Manchester is renowned as the world’s first industrialized city — a hub of the Industrial Revolution in 18th-century Britain and home to more than a hundred textile factories at the time.
Today, that industrial focus has widened and, among its businesses, the sprawling metropolis of more than half a million residents has been making its mark as a watch city.
That will be particularly obvious on Saturday as the Manchester Watch Show makes its debut, drawing “watch enthusiasts from all over the north of England,” according to Hamish Robertson, the event’s organizer and the co-founder and chief executive of the Watch Collector’s Club in London.
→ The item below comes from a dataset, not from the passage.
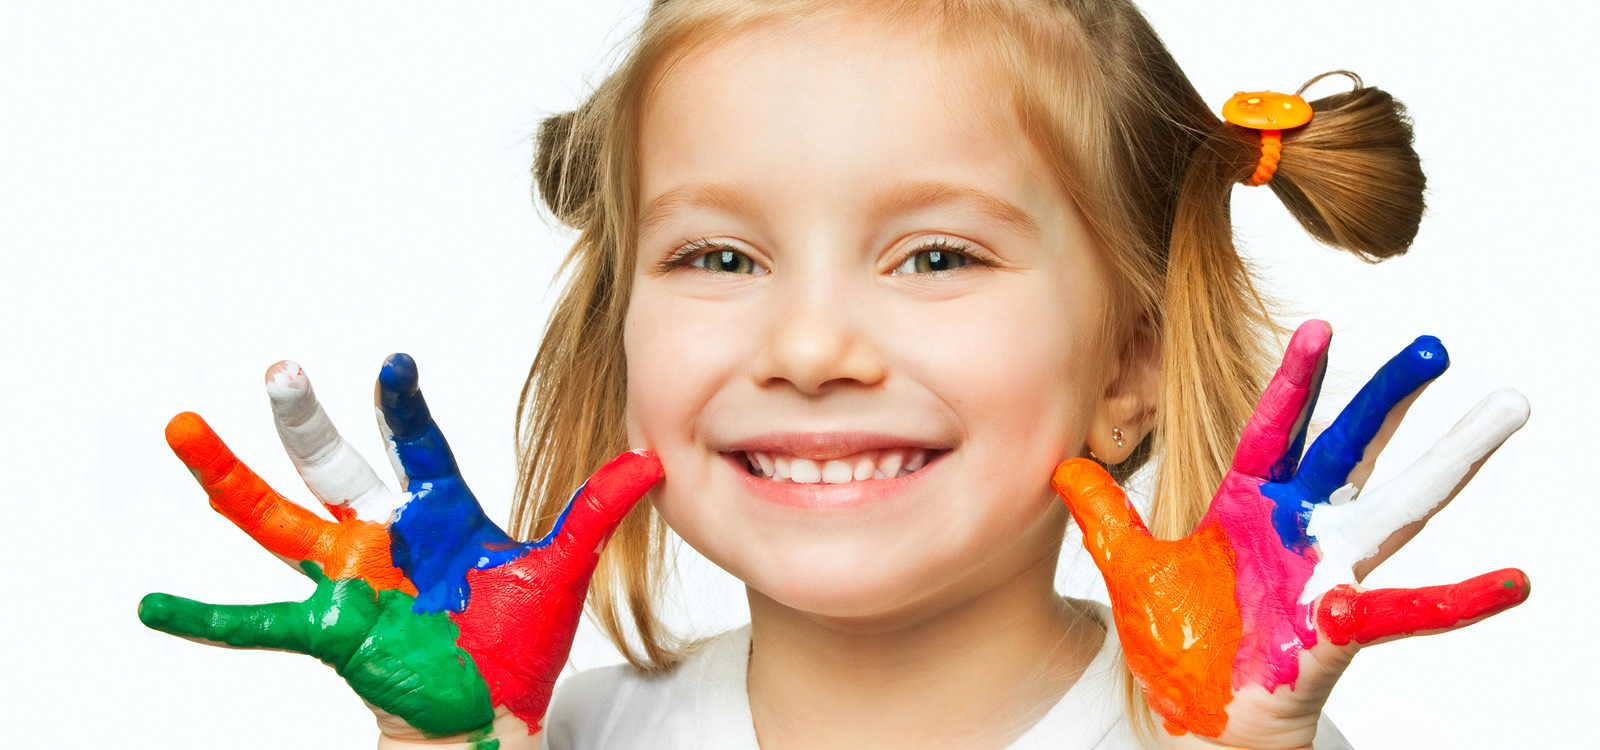 Cute preschooler with finger paint on hands

Thirty-five British watch brands are scheduled to exhibit at Hallé St Peter’s, an event hall northeast of the city center that is a home to the city orchestra.
Mr. Robertson said the event’s 300 tickets, at 12 pounds each (about $15), sold out in less than 24 hours. One of those buyers was Rob Kellner, 63, who lives in Manchester and, as “Rob the American,” talks watches to his roughly 1,960 YouTube subscribers.
During an interview at a local cafe, Mr. Kellner described himself as a collector who spends about £25,000 a year on watches from Rolex, Grand Seiko and other brands. On this particular day, he was wearing an IWC Schaffhausen Ingenieur Automatic 40 in stainless steel.